Malina grinned, ruefully. “God. I really should have let you die.”
The sun winked over them like the eye of Death, always watching, as they took off into the woods.
CHAPTER 20
F
LORENCE WASN’T ANGRY. ANGER WAS something she could control. She could wear anger on her fists like brass knuckles and destroy anyone who dared mess with her. This was beyond anger. The fire in her gut was pure fucking fury, mixed with jealousy, confusion, complete bewilderment.
“How the fuck did someone beat us to it?” she hissed.

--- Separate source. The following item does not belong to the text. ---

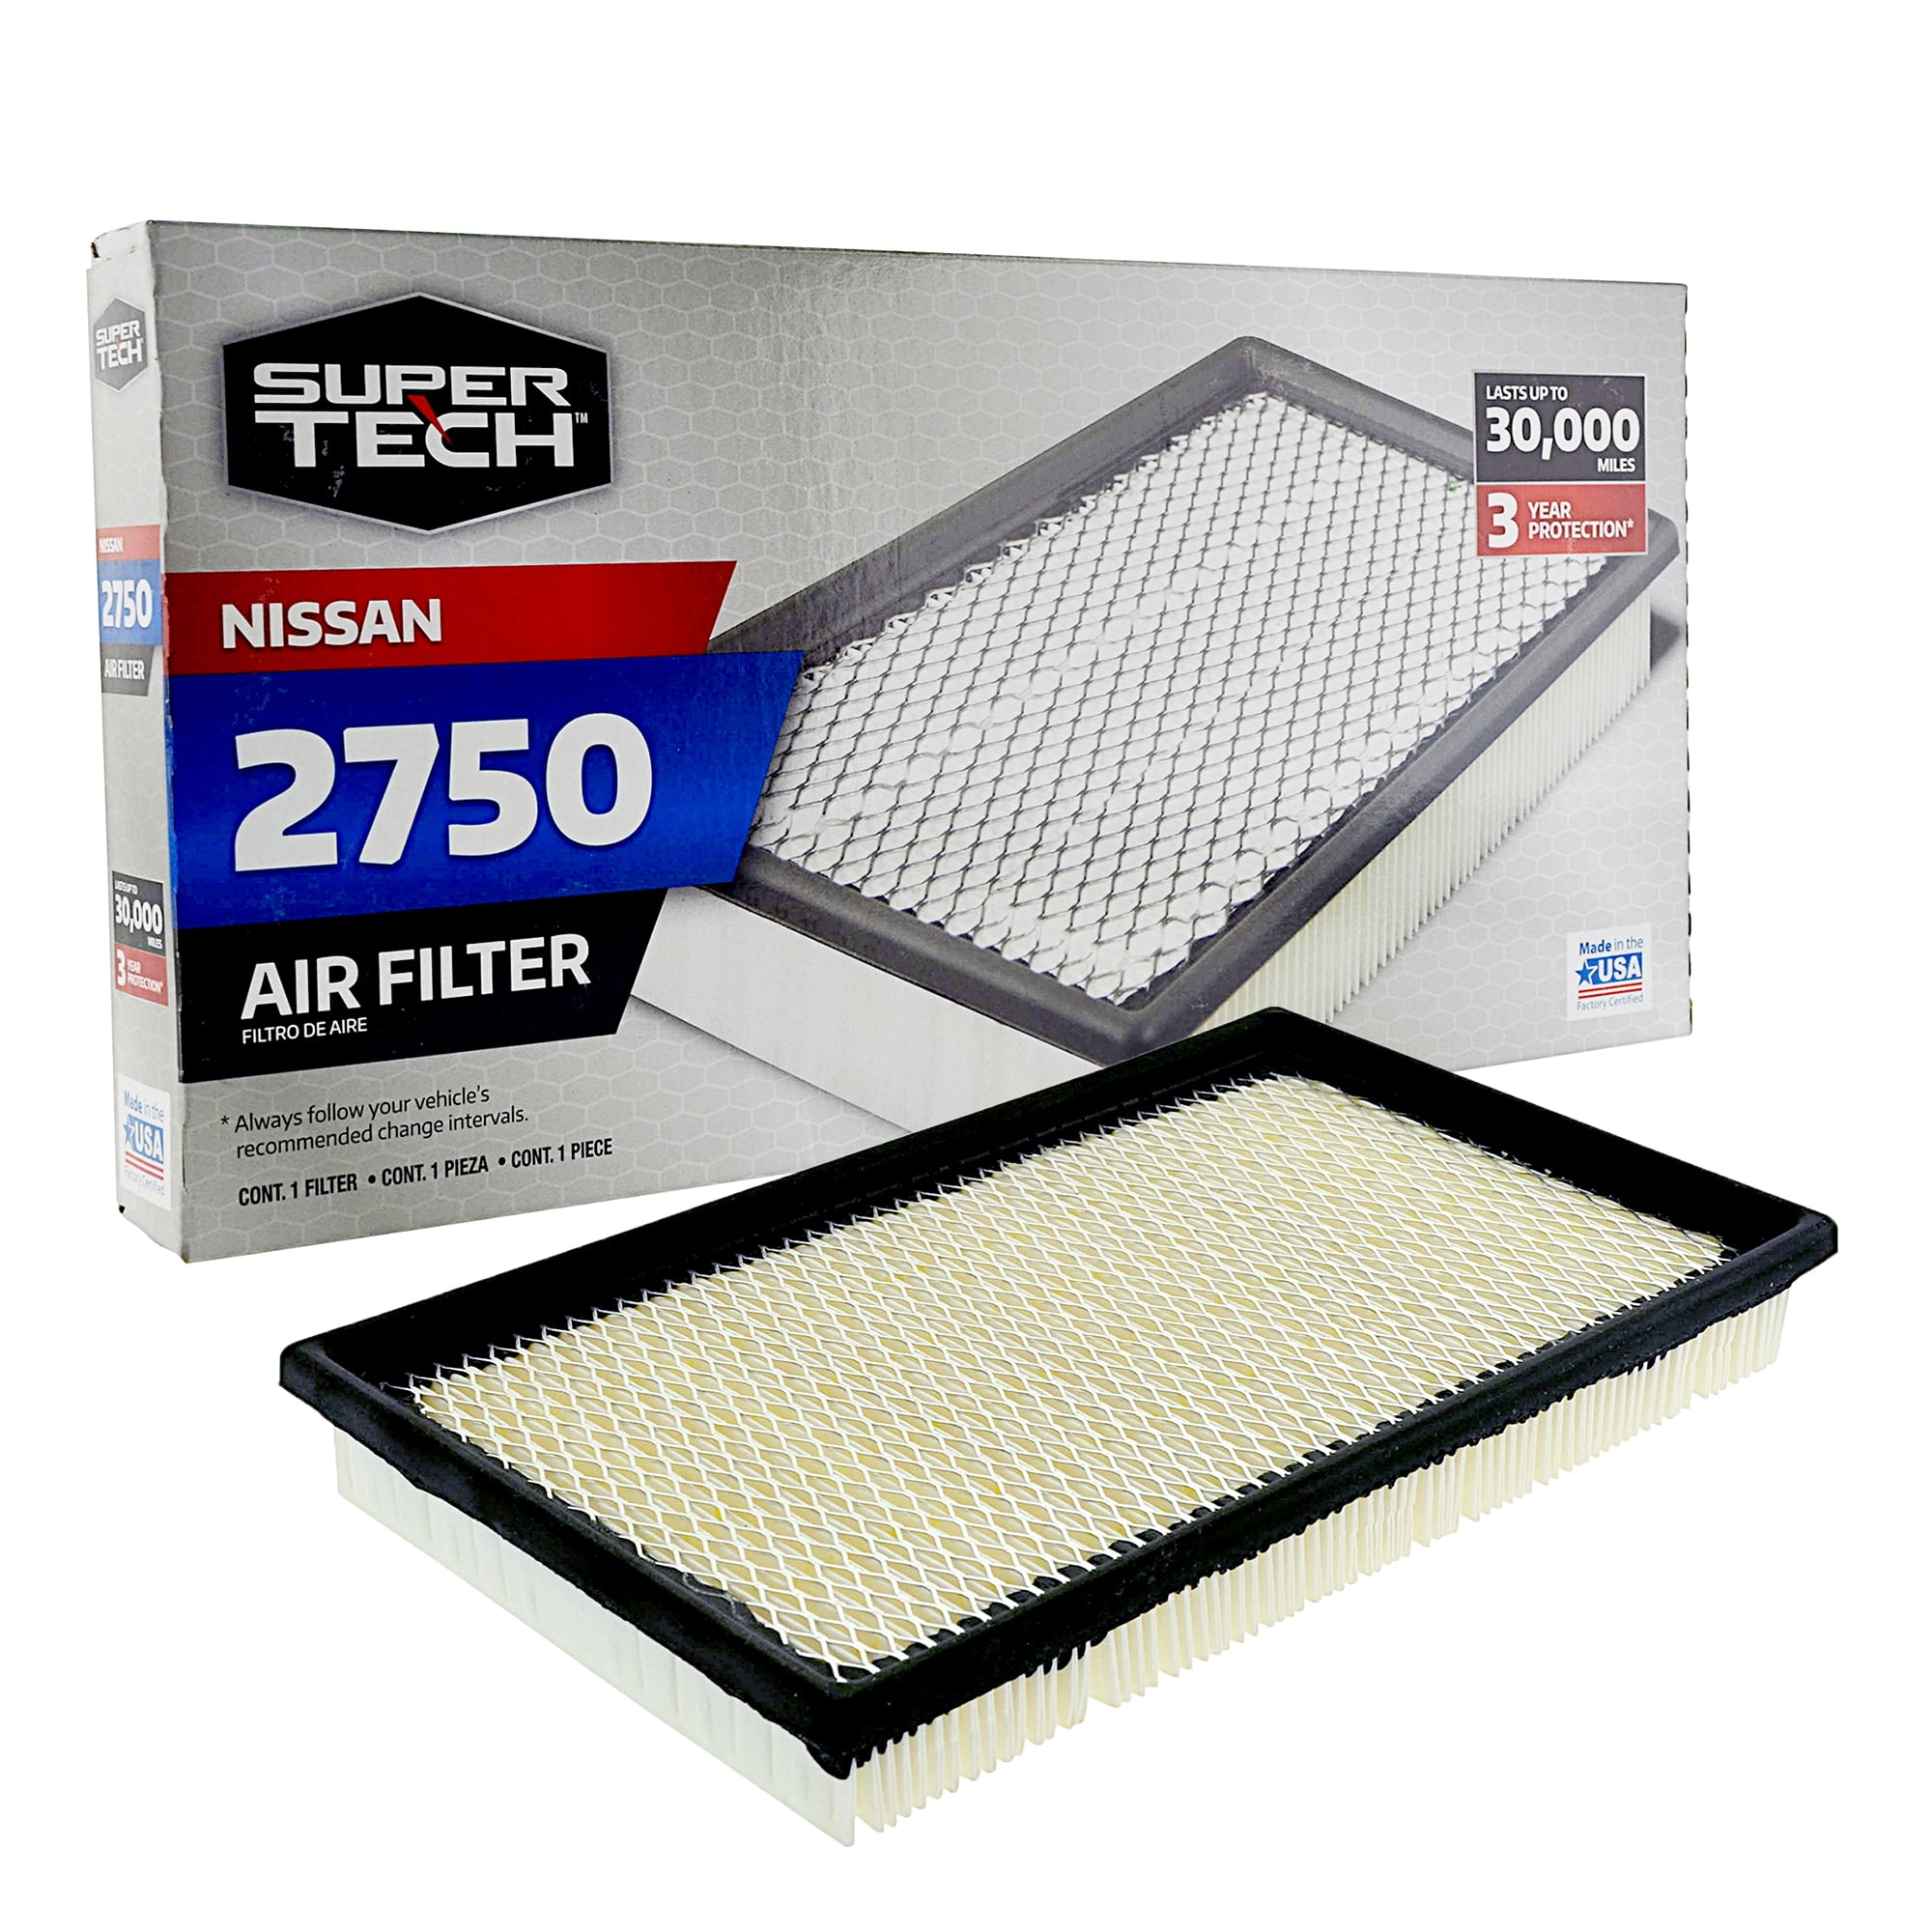 10x sct filtro aire sb 3250 Air Filter

“Well. You have been singularly focused on
killing everyone you can,” Atlas said.
Florence shot him a glare that could cut firewood. They were in the armory, away from her soldiers, where she could have a discussion without worrying about anyone overhearing. The moment she got the notification that someone else had reached Level 2, she decided to let those little rat-fuckers go and focus on the bigger objective.
There would be another chance to kill them.
“That’s been for a purpose,” she muttered.
Here, at the base, anyone could be listening. Everywhere she went, she felt eyes trailing after her, in fear or admiration or both. If they saw she was shaken by this news, her authority would crumble, bit by bit. All her power came from the fact that she was always the best: the strongest player in the game, highest level, biggest inventory, best ballistics, biggest army…
And somehow, some little snake bitch managed to get to Level 2 before her.
Atlas leaned casually against one wall, a row of rifles to his left, a wall rack of bulletproof vests to his right. He dug into his front pocket for a pack of cigarettes.
“Look, I get it,” he said. “But don’t ask me what I think if you don’t want to hear it.”
Florence paced back and forth. The armory was really just a former equipment supply room for the school’s gym, which made it cramped and dim, so Florence would take two steps, turn, two steps, turn.
As she paced, she said, half to Atlas, half to herself, “We can’t change it. It’s done, and everyone knows someone made it through. Now we have to just control the message.”
“Are you scared of mutiny now, boss?”
Atlas lit his cigarette. The matchstick cast shadows on his face that made him look like a trickster god, bemused, sly.
“I never rule it out as an option. This isn’t a game where friends stick together to the end and fight against evil. Everyone’s in it to save their own ass.”
Atlas teased his cigarette against his lower lip as his stare flicked over her. “Not even the two of us?”